Task to complete: Please produce an exact copy of only the lines from the one with "Great Value Bay" through the last one of the material, without pictures.

Source material:
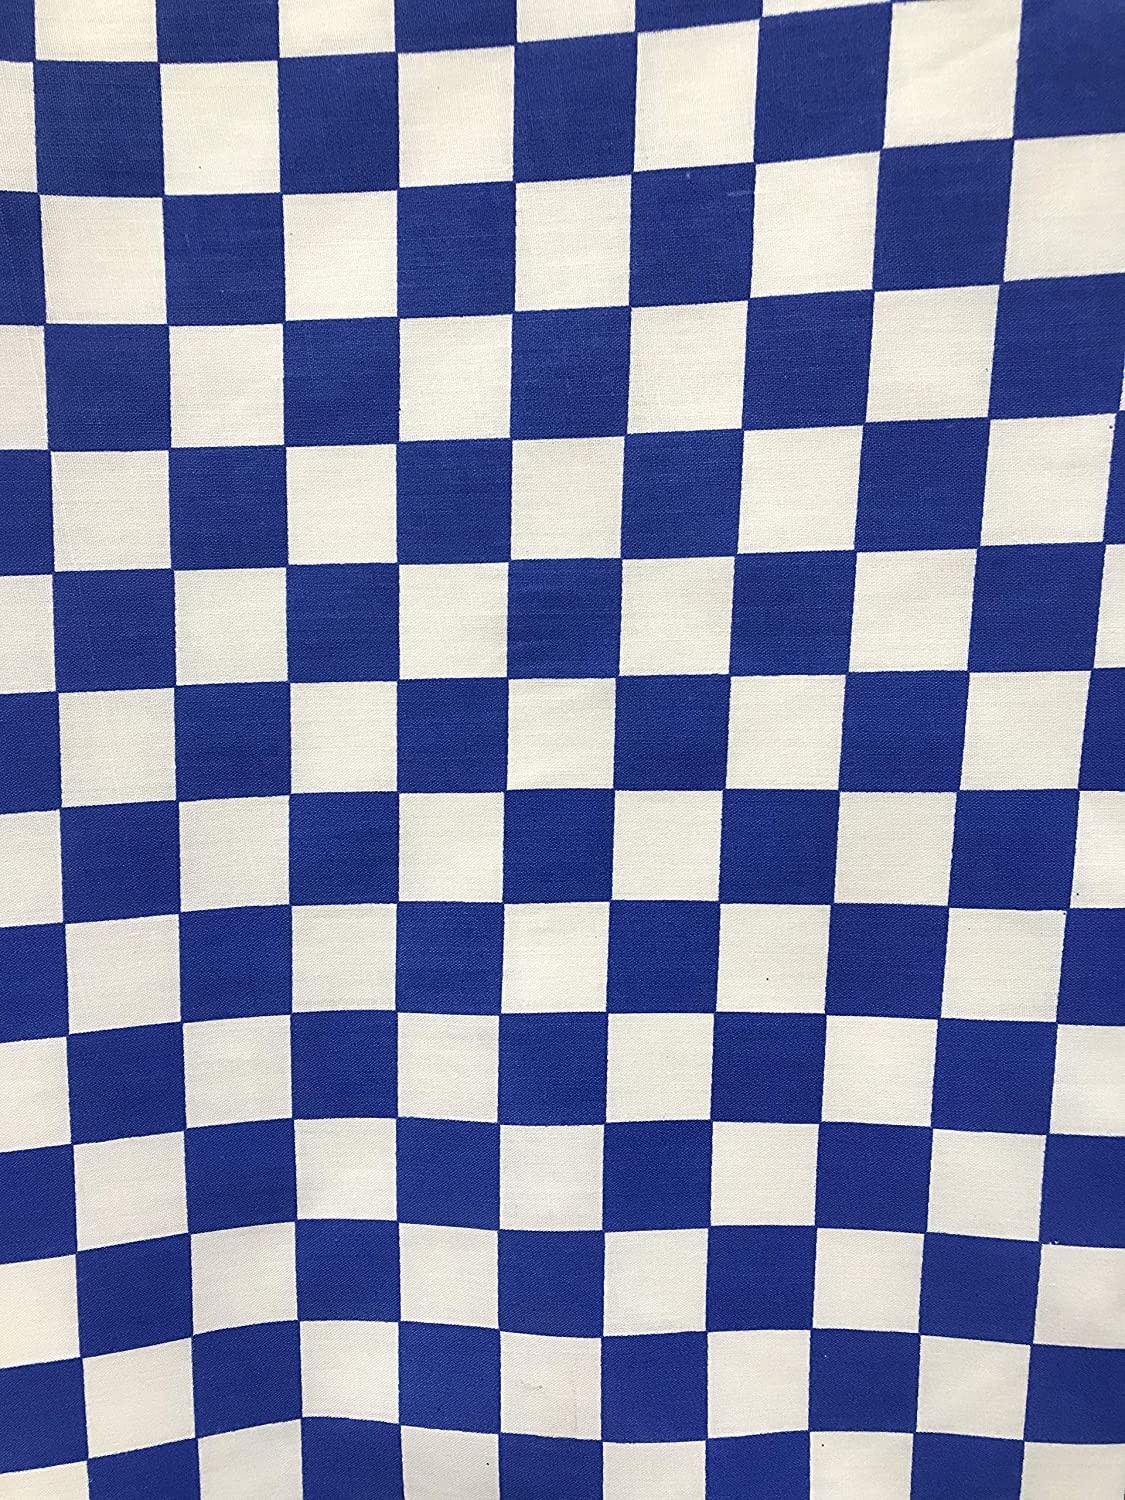 60" Wide Checkered Poly Cotton Fabric - Sold By The Yard, White & Royal
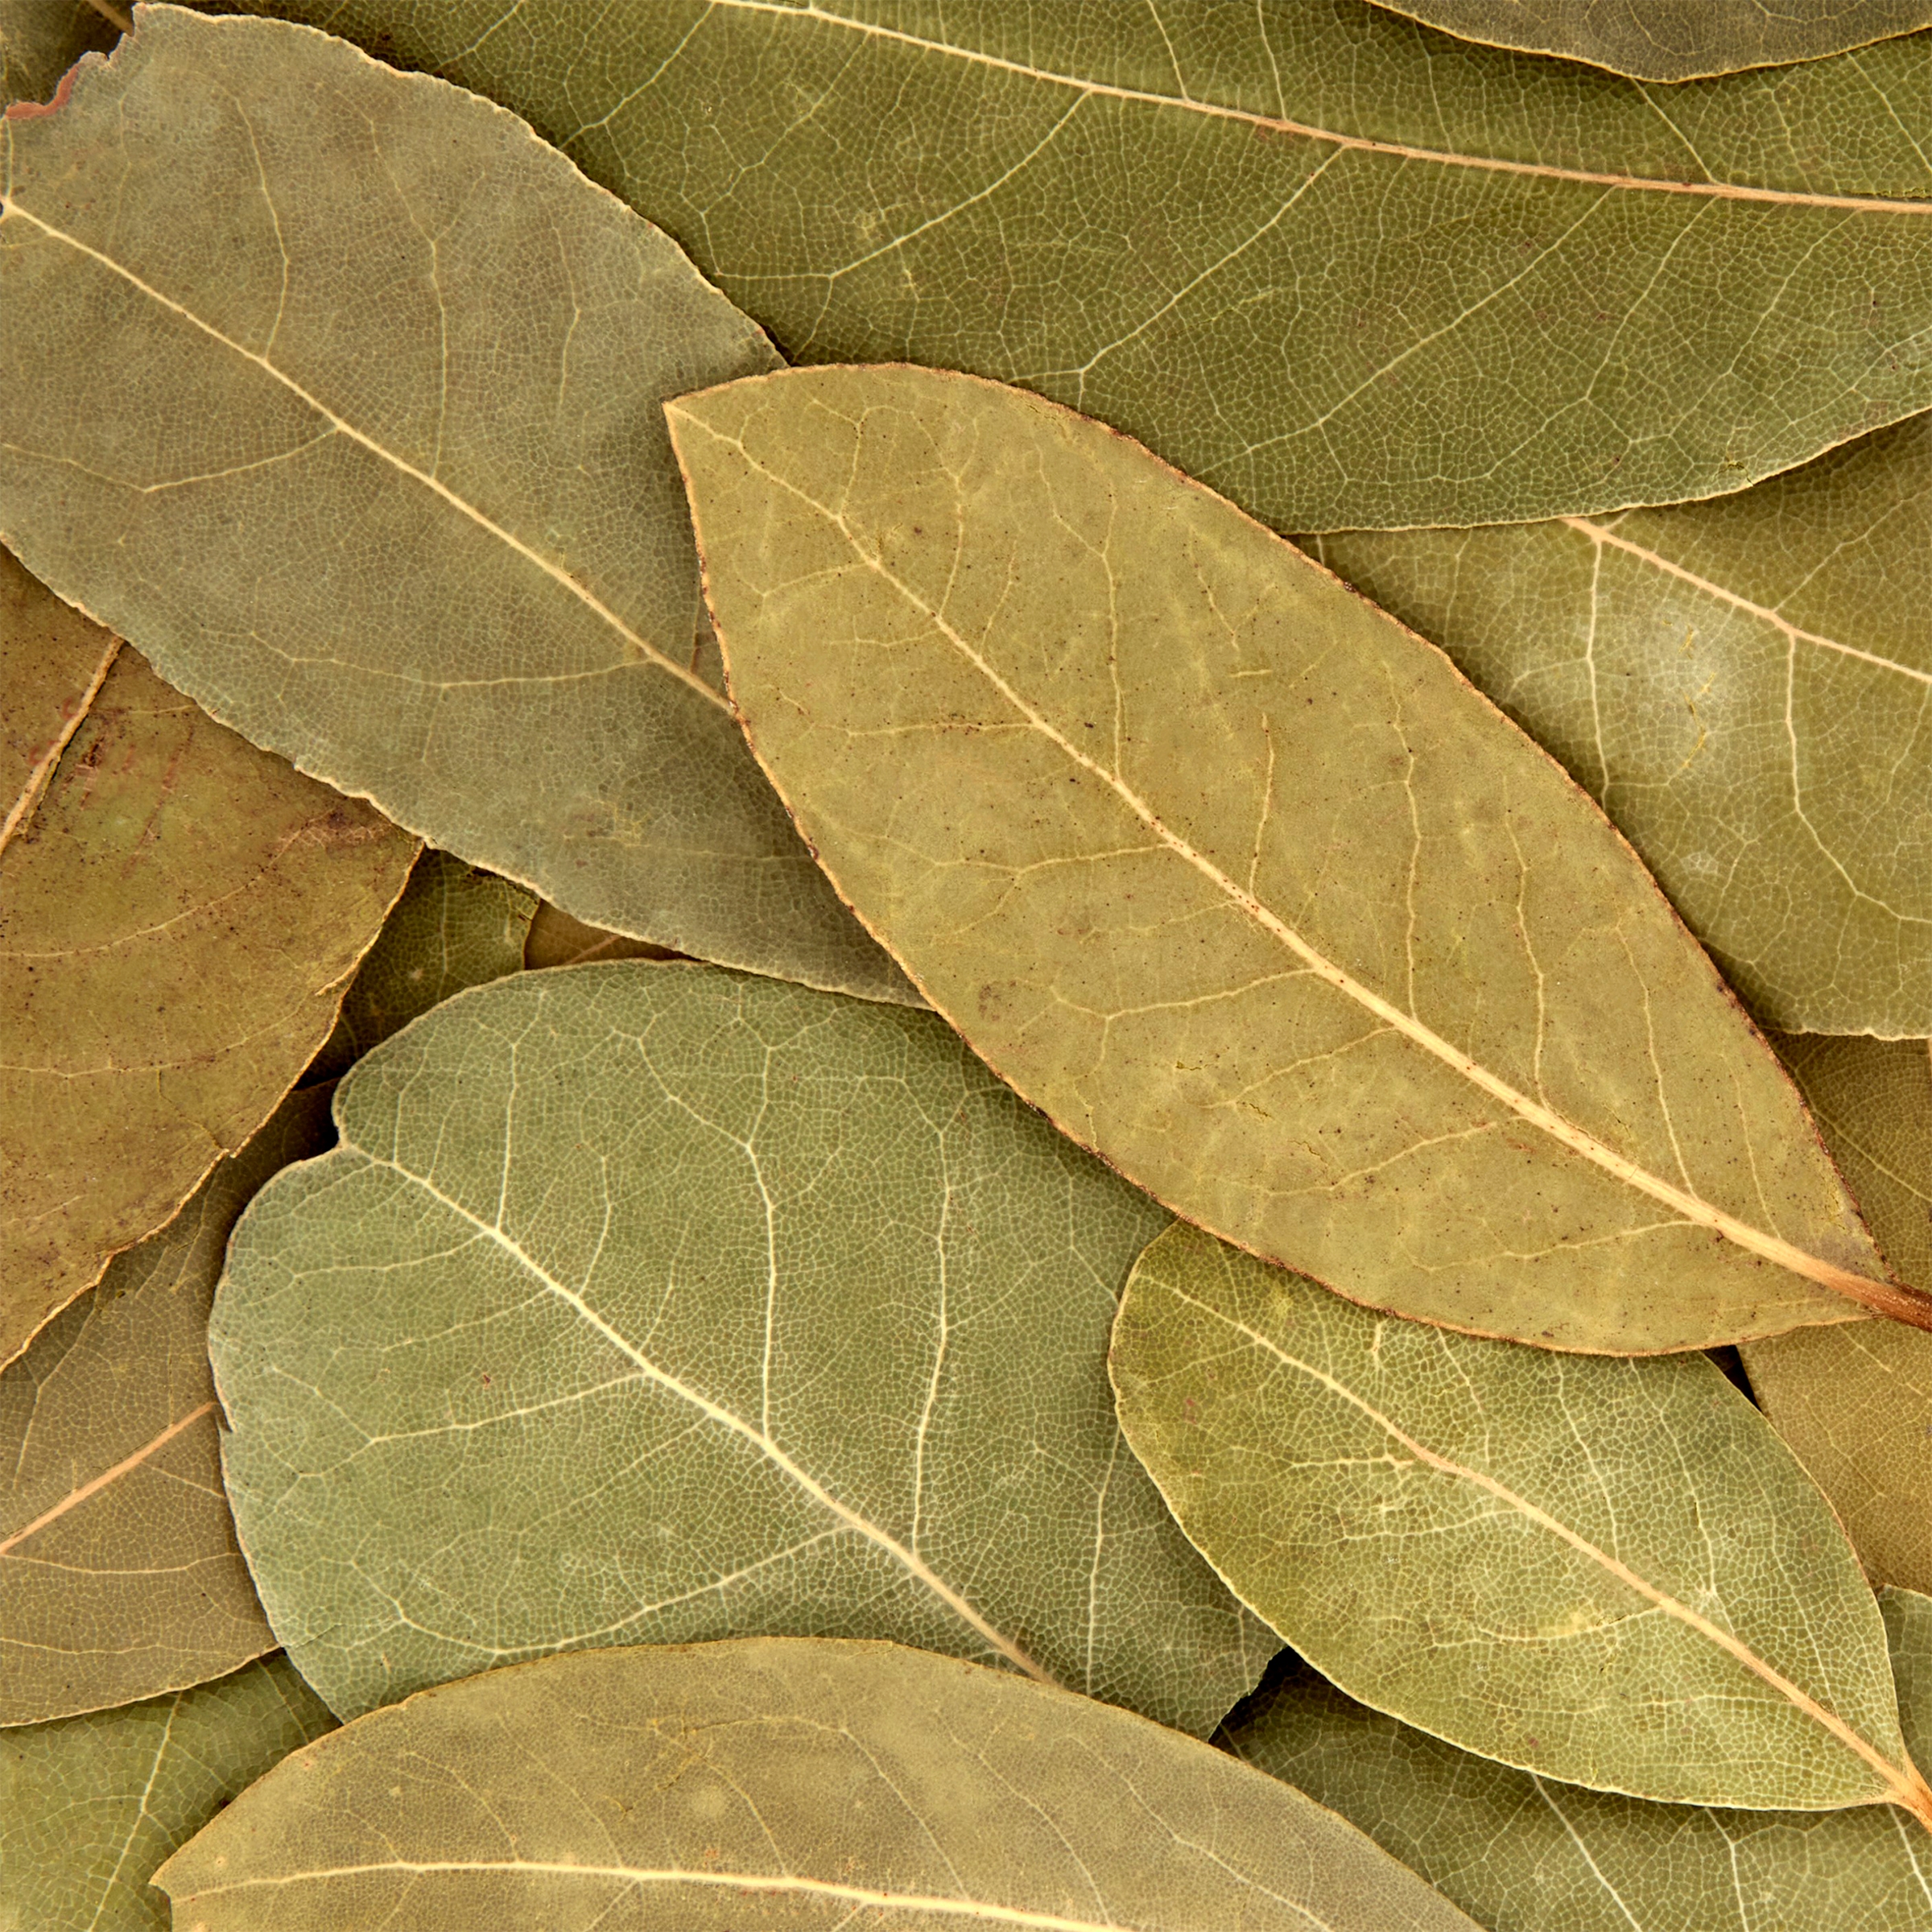 Great Value Bay Leaves, 0.12 oz - image 4 of 11
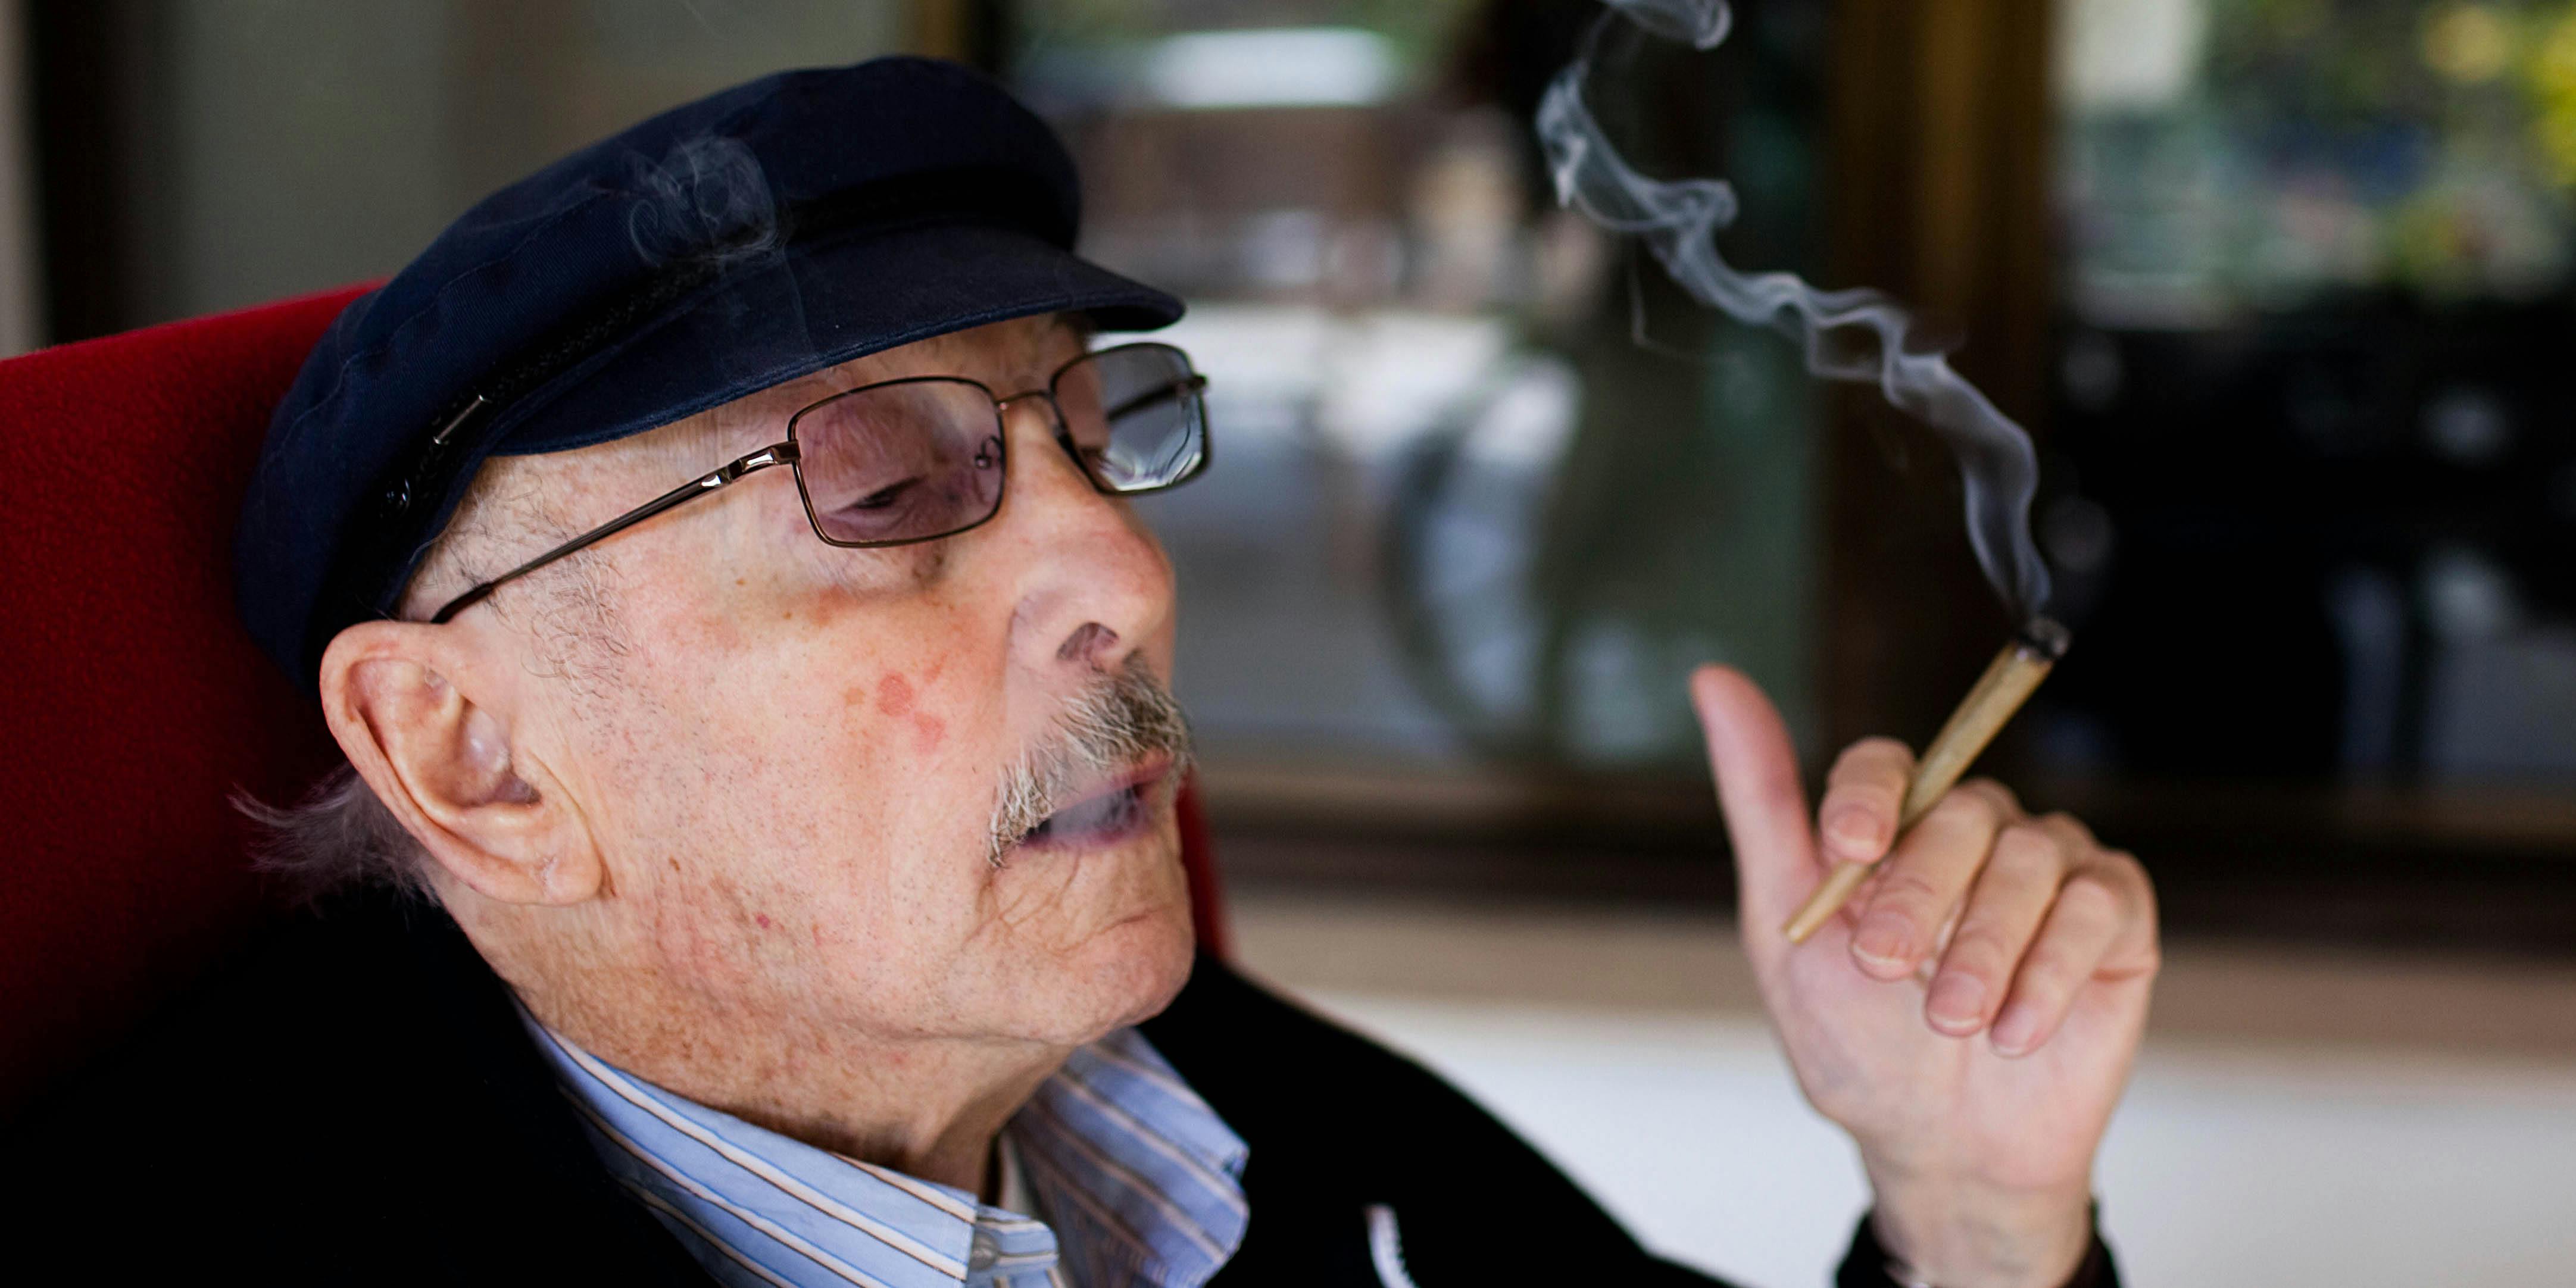 A man smokes cannabis at a nursing home in Israel. Most pain specialists are prescribing cannabis to patients to deal with pain.

Solved exercise:
 Great Value Bay Leaves, 0.12 oz - image 4 of 11
 A man smokes cannabis at a nursing home in Israel. Most pain specialists are prescribing cannabis to patients to deal with pain.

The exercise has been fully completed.